The Financial Industry Regulatory Authority said Wednesday that it has fined Osaic Wealth $1 million and ordered the firm to pay $2 million in restitution for the failures of its former Securities America unit to reasonably supervise Class A mutual fund recommendations, which resulted in customers paying more than $2 million in fees through recommendations that were potentially unsuitable or not in customers’ best interest. 

“Firms have a fundamental obligation to supervise their representatives’ recommendations and ensure they serve their customers’ best interests,” Bill St. Louis, executive vice president and head of enforcement, said Wednesday in a statement. “When firms fail to supervise mutual fund recommendations, investors pay the price through unnecessary fees and charges. This $2 million in restitution will make affected customers whole, but prevention should always be the priority.”

According to FINRA's order, between January 2018 and June 2024, when Securities America became part of Osaic Wealth, the BD effected the purchase of approximately $3.8 billion in Class A mutual fund shares, which generated a substantial portion of the firm’s revenue.

"Nonetheless, the firm failed to implement a system, including written policies and procedures, reasonably designed to supervise recommendations of Class A shares for compliance with FINRA Rule 2111 (Suitability) and Regulation Best Interest’s Care Obligation," the order states.

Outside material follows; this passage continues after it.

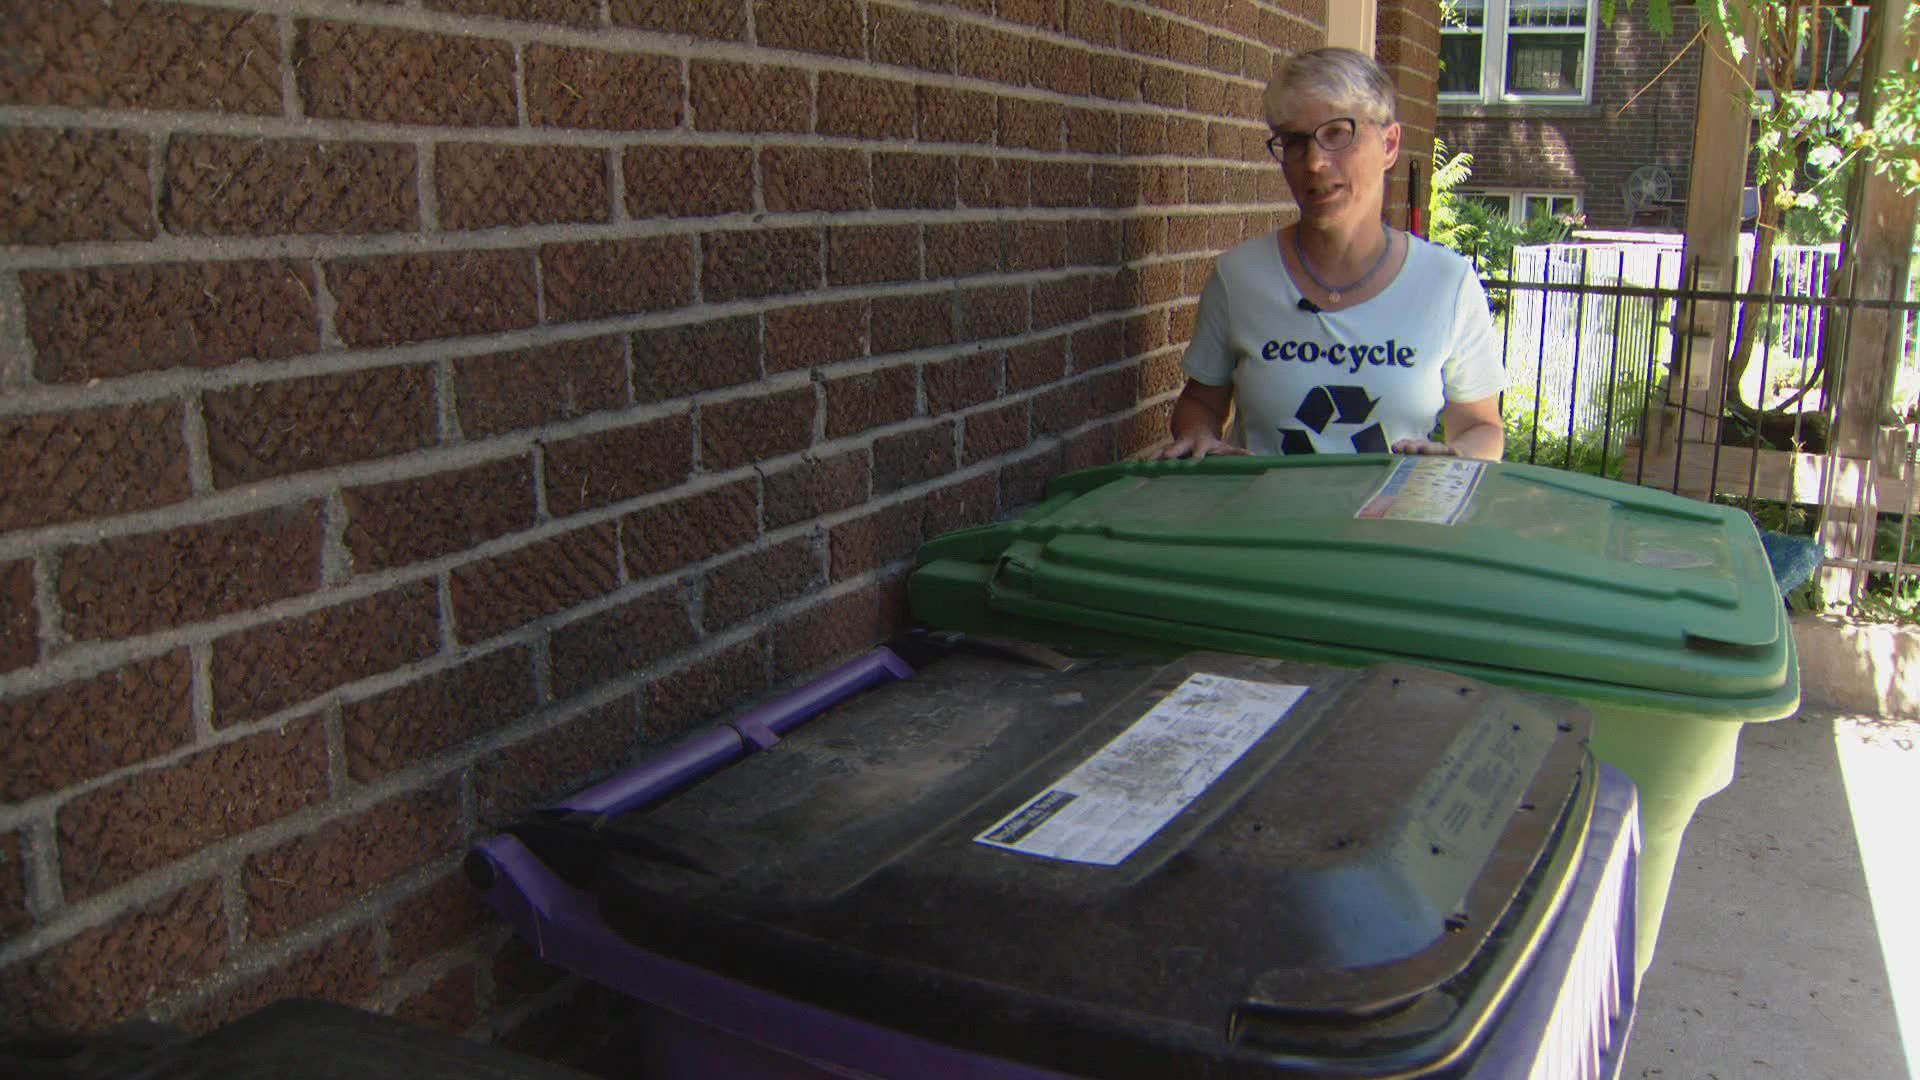 The ordinance will also result in weekly recycling and compost collection for Denver trash collection customers.

The Care Obligation requires broker-dealers and associated persons to exercise reasonable diligence, care and skill when making recommendations to retail customers. 

Securities America’s supervisory system was not reasonably designed to detect switches and short-term sales, FINRA said.

"Even when the firm identified such trades, the firm failed to reasonably review them to ensure that representatives had reasonably considered fees and commissions," the order states.

As a result, FINRA said, the firm failed to reasonably supervise recommendations of more than 1,000 Class A mutual fund switches and more than 2,000 short-term sales that were potentially unsuitable or not in the customer’s best interest.

"Collectively, these trades caused customers to pay $2,019,040 in commissions and fees, which will now be returned to them," FINRA said.

Class A mutual fund shares typically collect a front-end sales charge when purchasing the fund, but this fee is typically waived when a customer exchanges a mutual fund for a new fund within the same fund family, FINRA states. Class C shares, by contrast, charge higher ongoing annual fees than Class A shares but typically have no upfront load. 

"When a representative recommends switching from one fund family to another, the customer pays a new front-end sales charge on Class A shares — a cost that could be avoided by staying within the original fund family," FINRA said. "Similarly, selling a Class A mutual fund shortly after buying it creates a risk that a customer has paid an upfront fee without holding the investment long enough to benefit from it."